Etes-vous satisfait de votre carrière d’entraîneur ? 

Elle me laisse un goût d’inachevé. J’aurais bien aimé accomplir dans mon club, le CSHL, un projet où j’aurais accompagné les mêmes joueurs à partir de la première année minimes jusqu’aux juniors. Formateur dans l’âme, j’ai travaillé avec les minimes du CSHL, aidant à l’éclosion de six ou sept joueurs qui allaient percer avec les seniors : Noureddine Aouiriri, Lotfi Guizani, Zallahi, Khiari, Kamel Seddik, Jomni, Imed Maâouia.

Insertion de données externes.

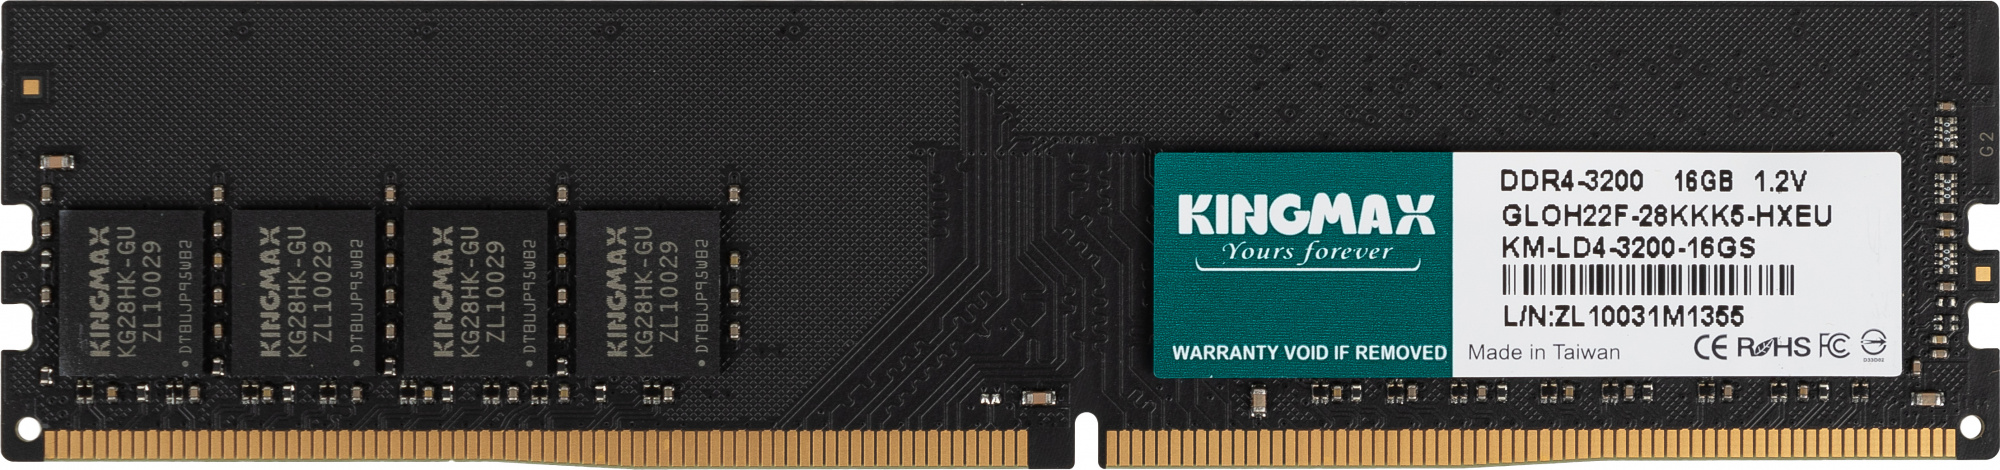   Kingmax DDR4 - 16 3200, DIMM, [KM-LD4-3200-16GS] Ret

Au Club Africain, j’ai participé à la formation de Lotfi Rouissi, Sami Touati, Sami Boukhris, un très bon gaucher qui a été contraint d’abréger sa carrière suite à une blessure à l’œil…

En quoi le football a-t-il changé ?

Jadis, nous portions beaucoup plus rapidement le danger dans le camp adverse. Il y avait davantage d’espaces, de tirs au but et un jeu de tête plus costaud. Les gardiens étaient très sollicités à telle enseigne qu’ils ne trouvaient pas le temps de respirer. A présent, la circulation de la balle est exaspérante et ennuyeuse.

Quels sont vos hobbies ?

Avant, c’était un footing avec Saâd et Slaoui, et le cinéma, car j’aime regarder un film policier.  A présent, c’est le foot et la famille. Mes petits-enfants me procurent un grand bonheur.

Enfin, êtes-vous optimiste pour l’avenir de la Tunisie ?

Le laisser-aller a pris des proportions alarmantes, les valeurs n’ont plus cours. Ce qu’il nous faut, c’est la sévérité, la rigueur et la discipline. Les phases post-révolution sont partout pénibles et mettent un temps fou pour voir un pays se remettre sur les rails. Il ne faut pas pour autant perdre son optimisme. Rappelez-vous ce que disait le leader britannique Winston Churchill surnommé «Le Vieux Lion» : «Le succès n’est pas final, l’échec n’est pas fatal: c’est le courage de continuer qui compte».